» What this task involves
In the material below, find the line with "Biblical vector illustration" and the line with "2024 Penfield Youth". Output exactly those two lines and all lines between them, leaving out pictures.

» Provided data
§
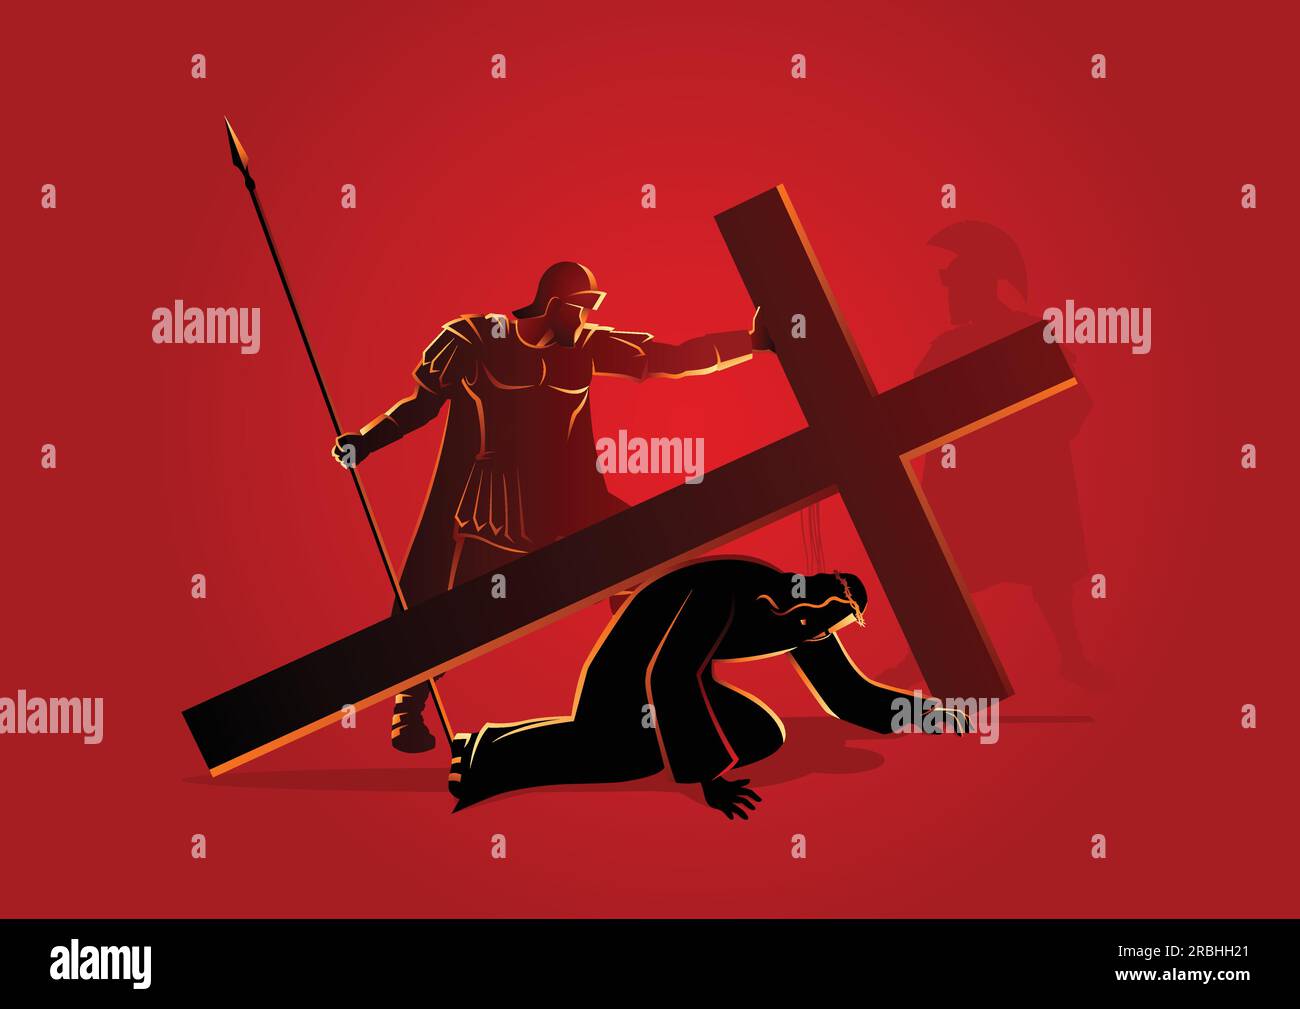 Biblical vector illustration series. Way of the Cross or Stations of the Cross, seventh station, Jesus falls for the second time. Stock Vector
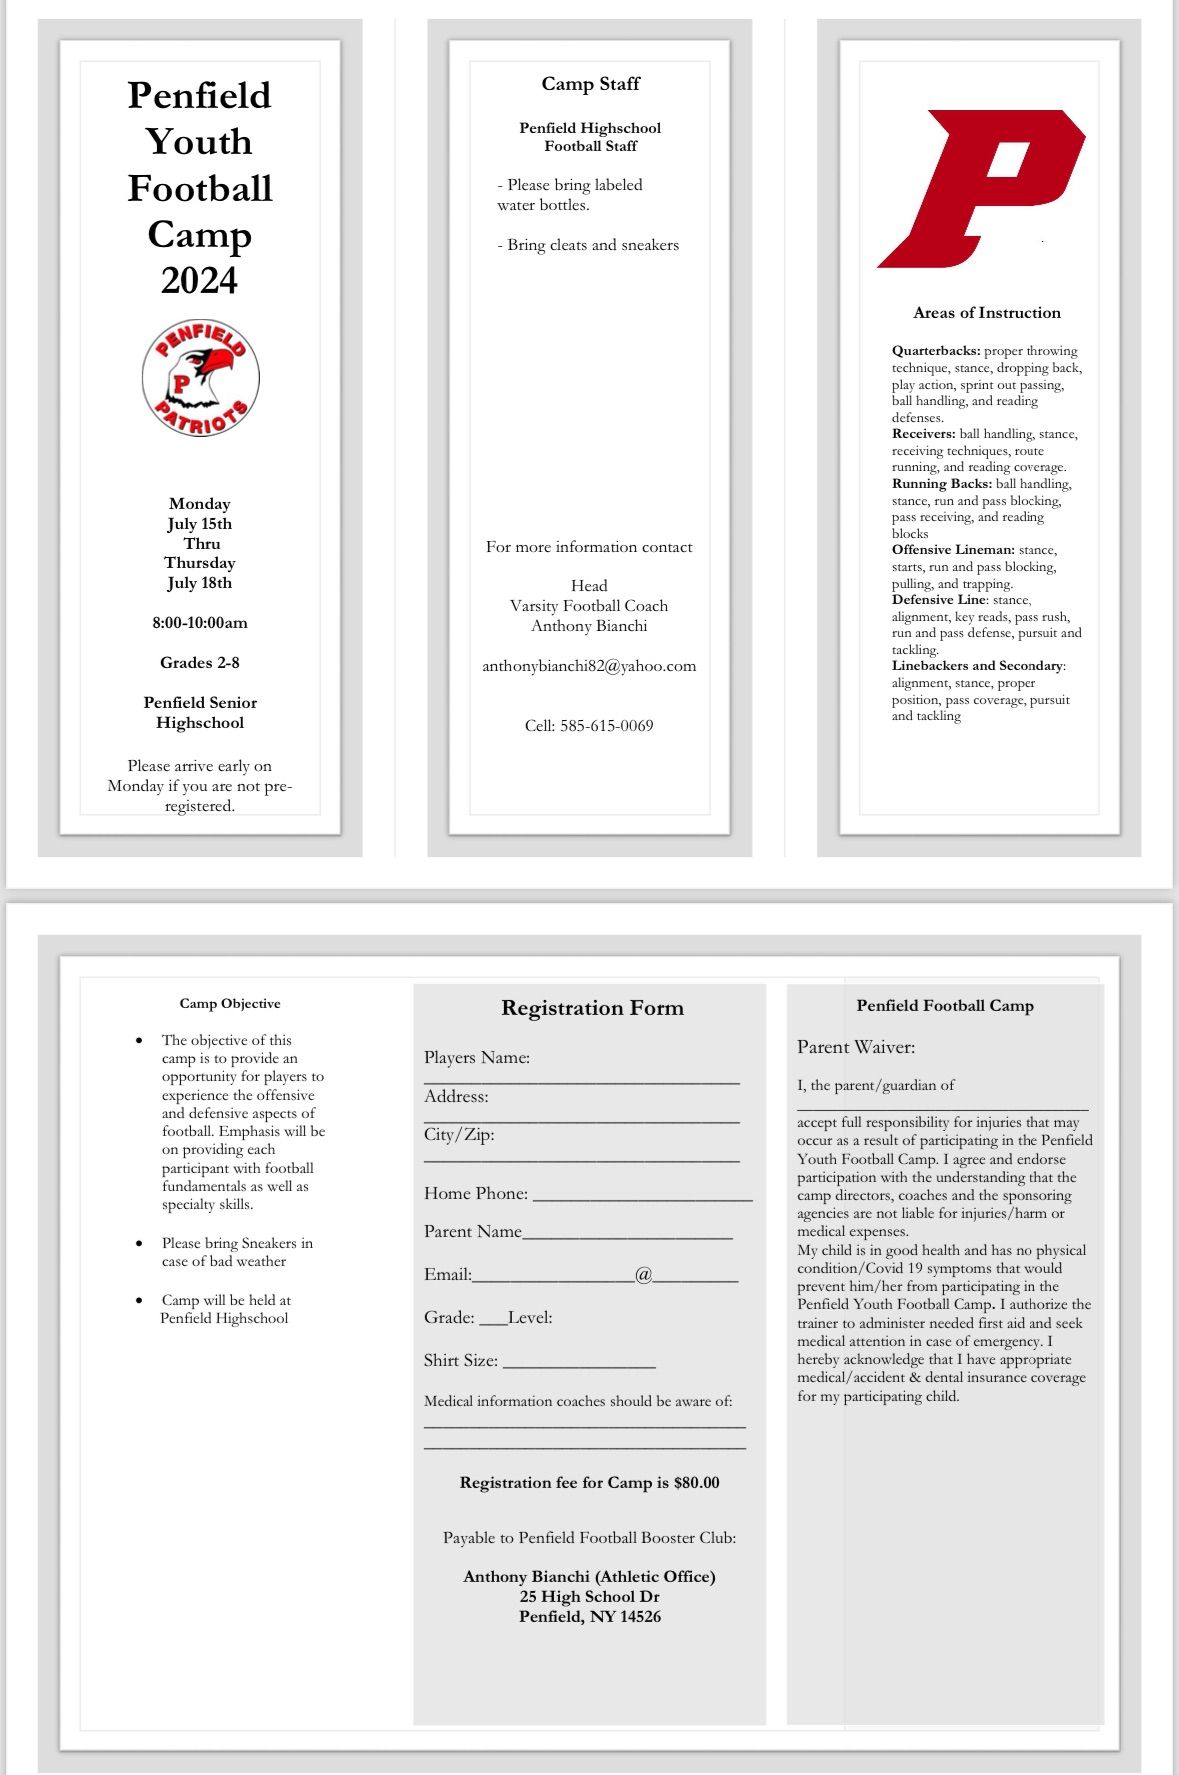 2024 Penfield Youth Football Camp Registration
§
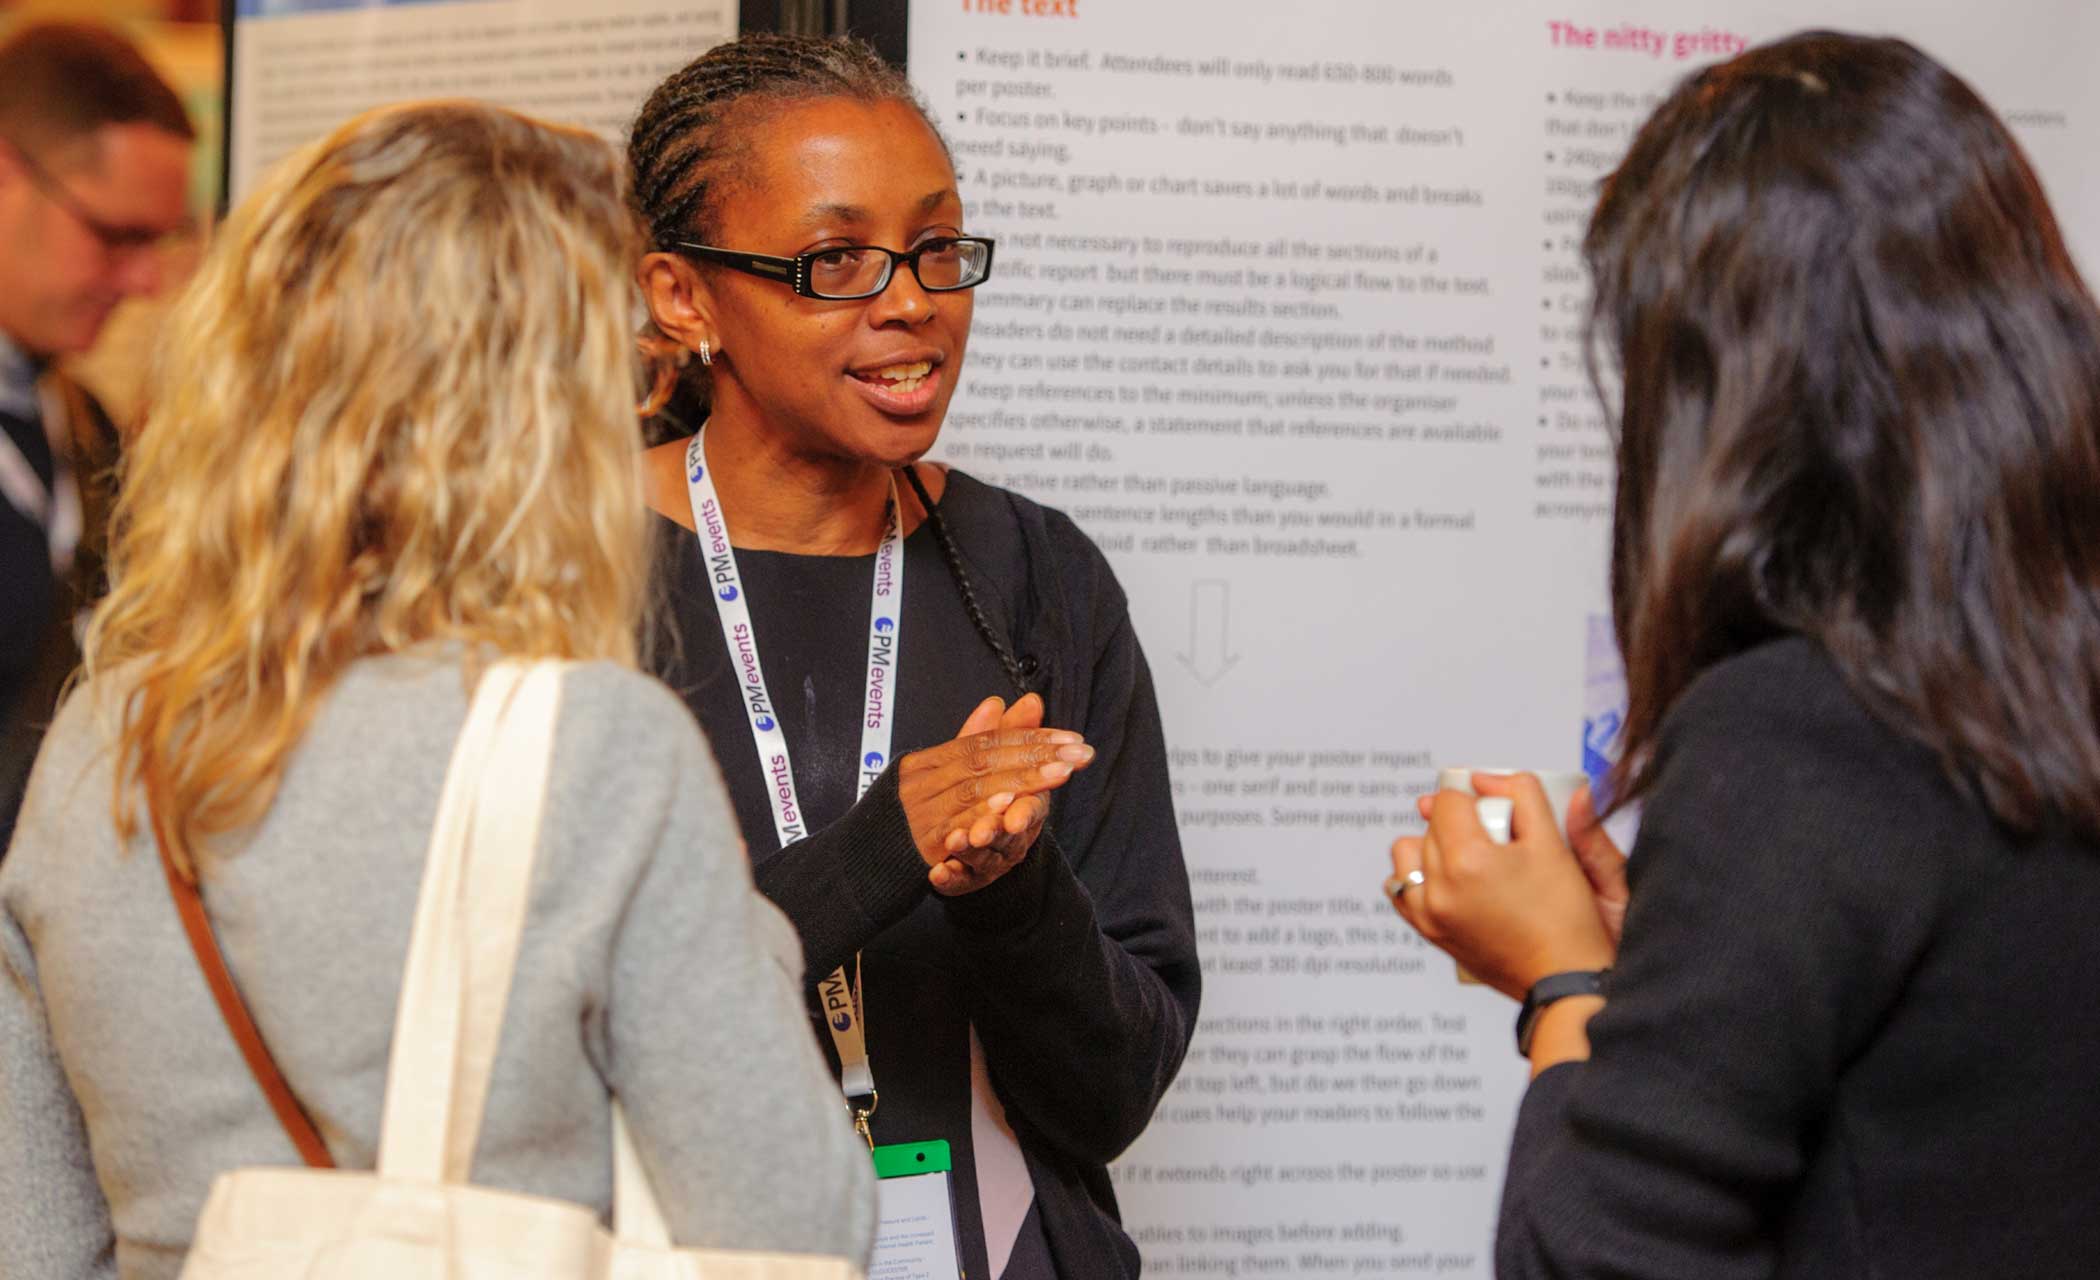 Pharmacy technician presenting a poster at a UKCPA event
§
» Response to this exercise
 Biblical vector illustration series. Way of the Cross or Stations of the Cross, seventh station, Jesus falls for the second time. Stock Vector
 2024 Penfield Youth Football Camp Registration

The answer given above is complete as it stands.